"Mais non!" says the lady vamp, shruggin' her shoulders. "They are what you call simple, yes. But they are chic, too. One considers that. Las' week come a young lady from Atlanta who in one hour takes two dozen at once, and more next day. You see!"

Peyton was beginning to see. But he wanted to be dead sure. "From Atlanta?" says he. "Not—not a—a Miss Vaughn?"

"Mais oui!" says Madame, clappin' her hands enthusiastic. "The ver' one. You know her? Yes?"

"I—I thought I did," says Peyton, sort of weak, as he starts for the door.

He calls off the picture proposition. Says he ain't quite in the mood. And all that day he seems to have something on his mind that he couldn't unload. Three or four times he seems to be just on the point of statin' it to me but never can quite get a start. And next day he's a good deal the same. He was like that when I left the office about 4 p.m. to catch an early train. I could about guess what was troublin' him.

So I wasn't much surprised, just before dinner to see Peyton appearin' at our front gate.

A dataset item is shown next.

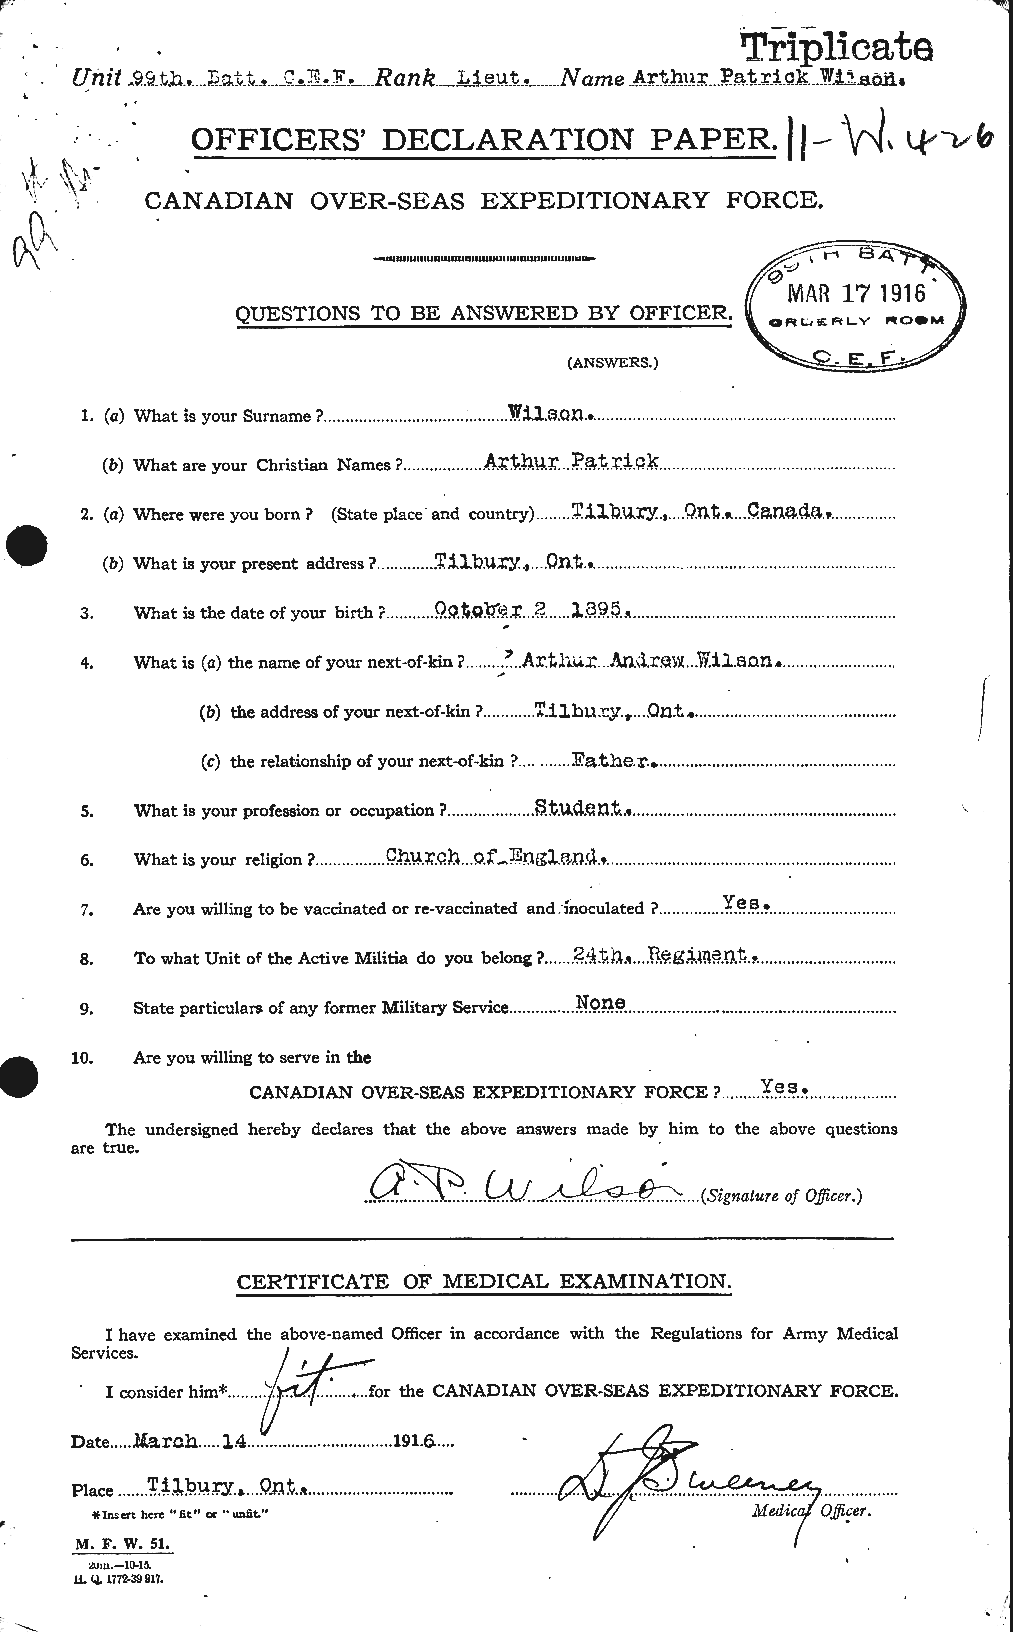 Dossiers du Personnel de la Première Guerre mondiale - CEC 677780a
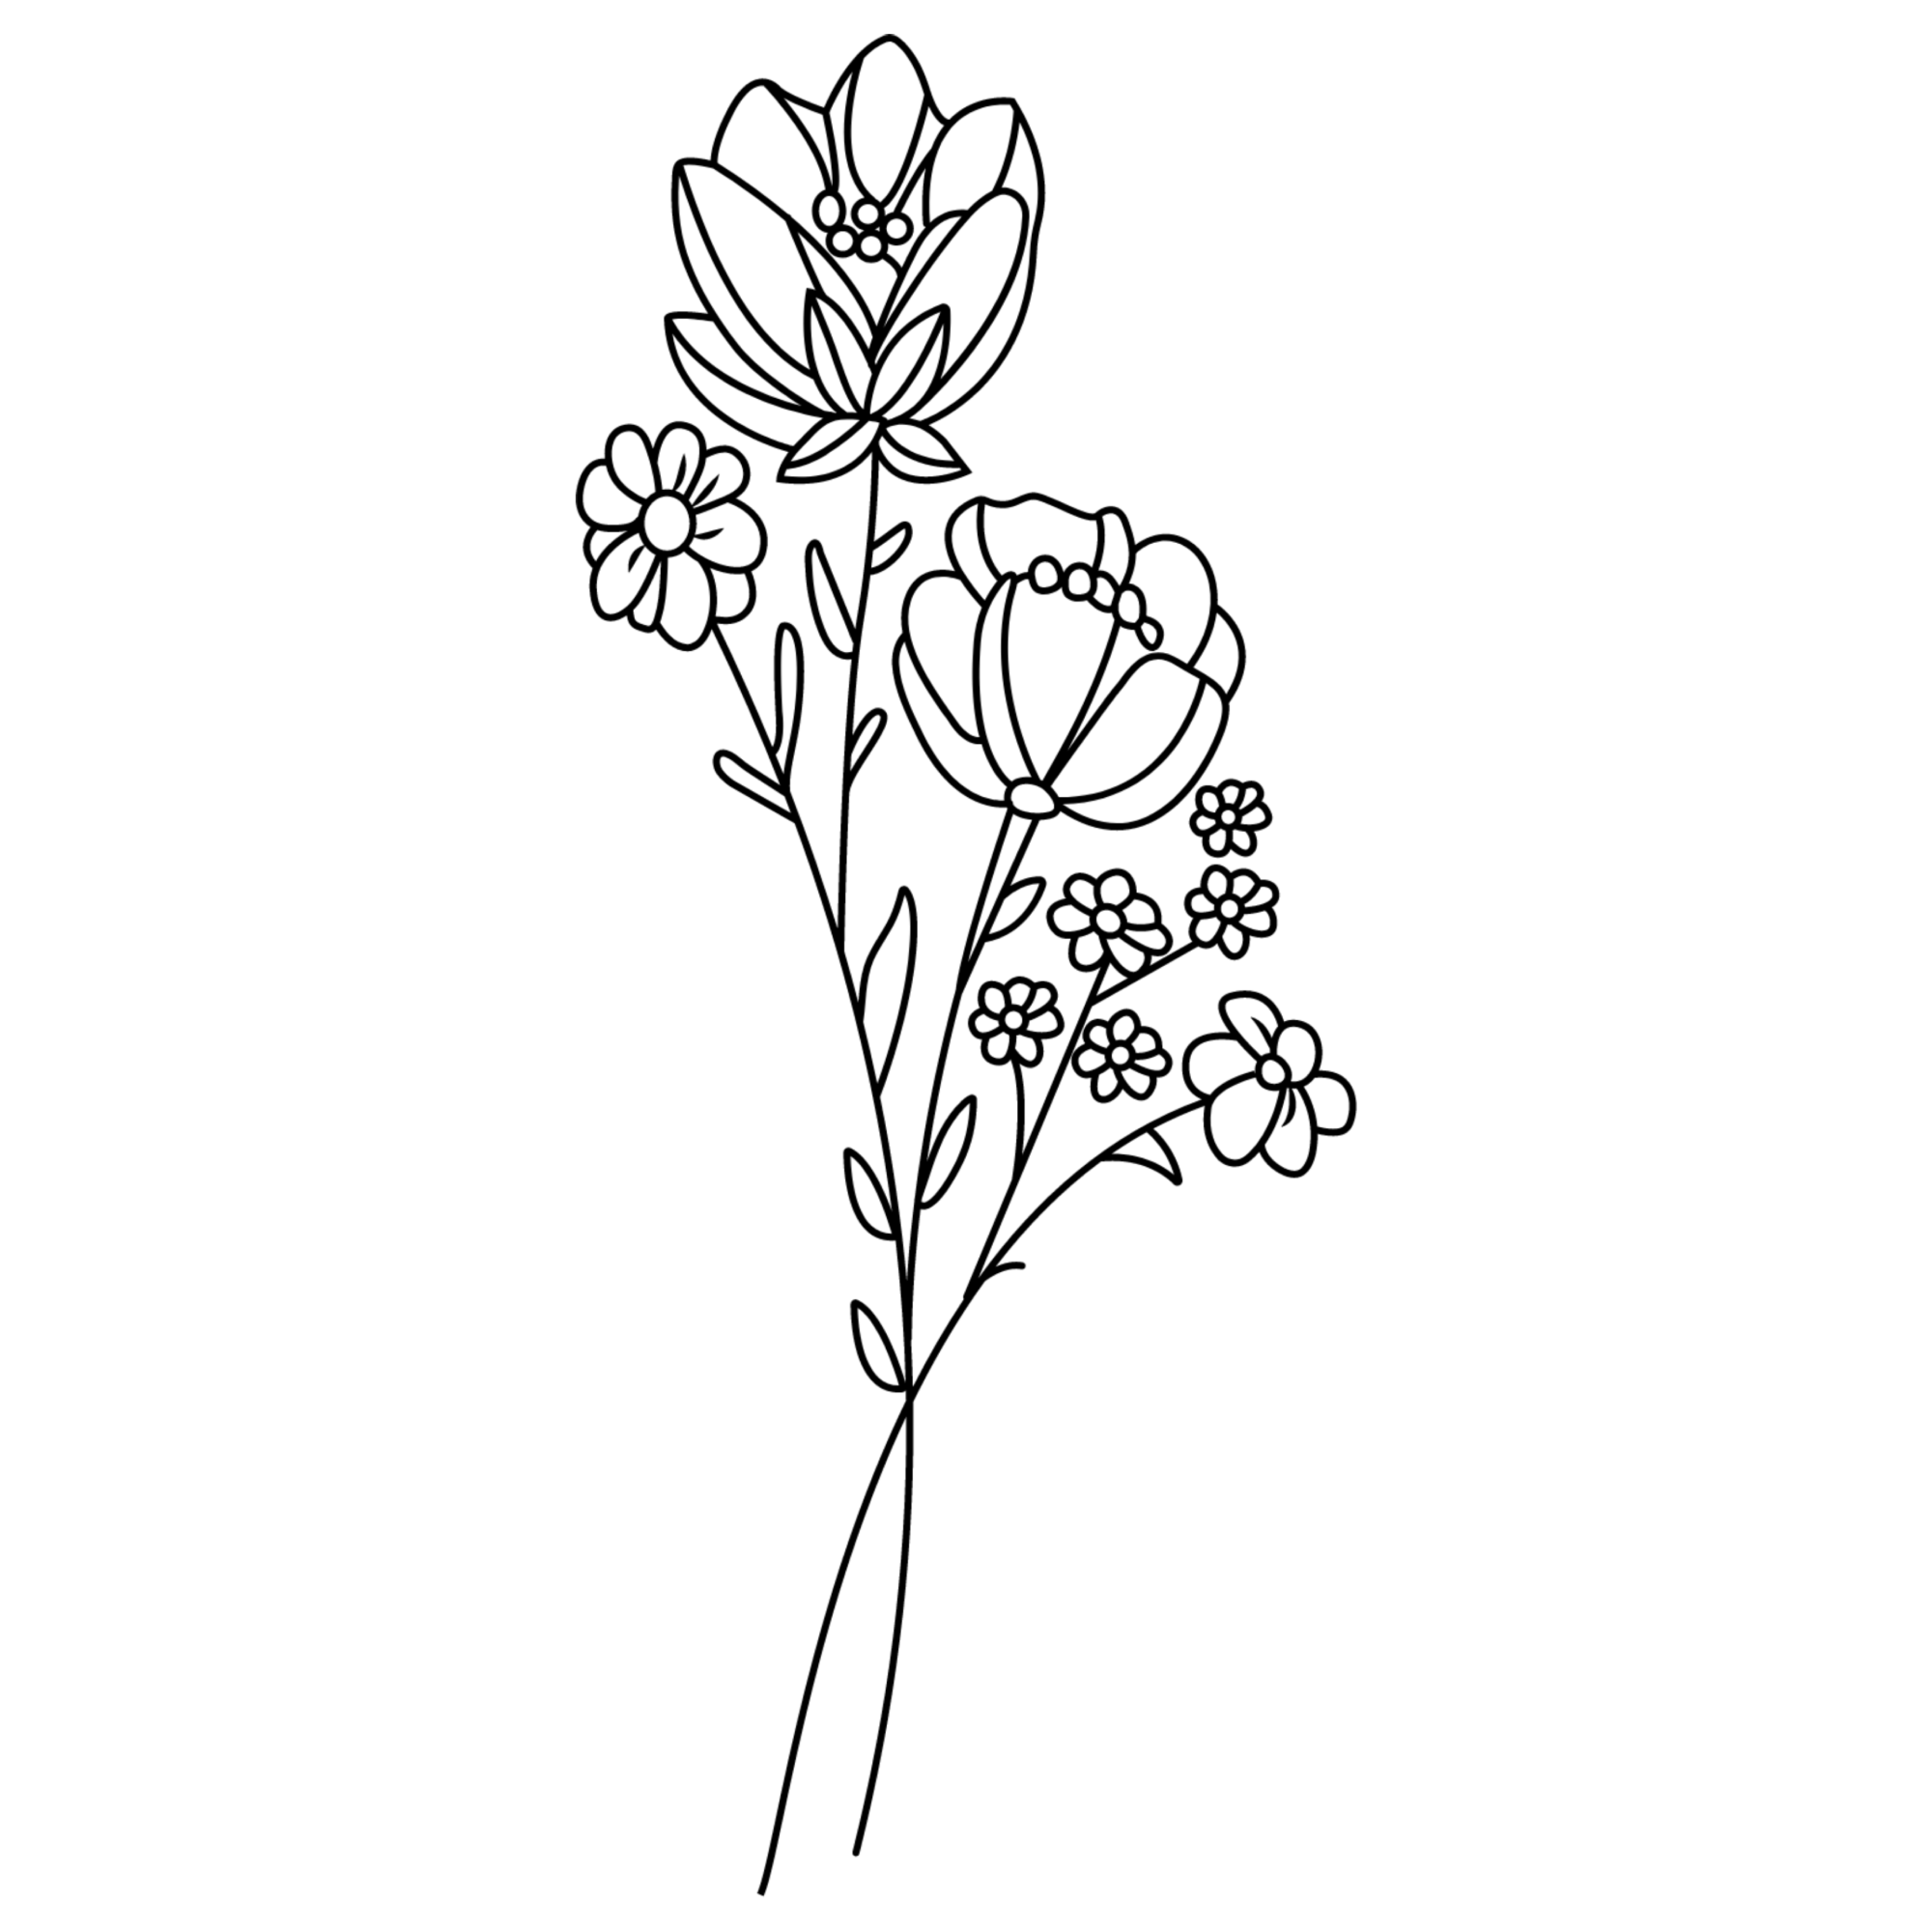 Bouquet

"I—I'm sure I don't know what you'll think of me, Torchy," he begins apologizing "but I—I just had to——"

"Too bad!" says I. "You're only four hours late. Lucy Lee left for Lenox on the 2:10."

"Gone!" says he. "But I thought——"

"Yes, she did plan to stay longer," says I, "but it was a bit slow for her here, and when she got a wire that a certain Captain Wright was to be at his sister's for a few days' furlough—Well, inside of an hour she and her maid had packed and were on their way. Oh, yes, and there goes the rest of Lucy Lee's baggage now."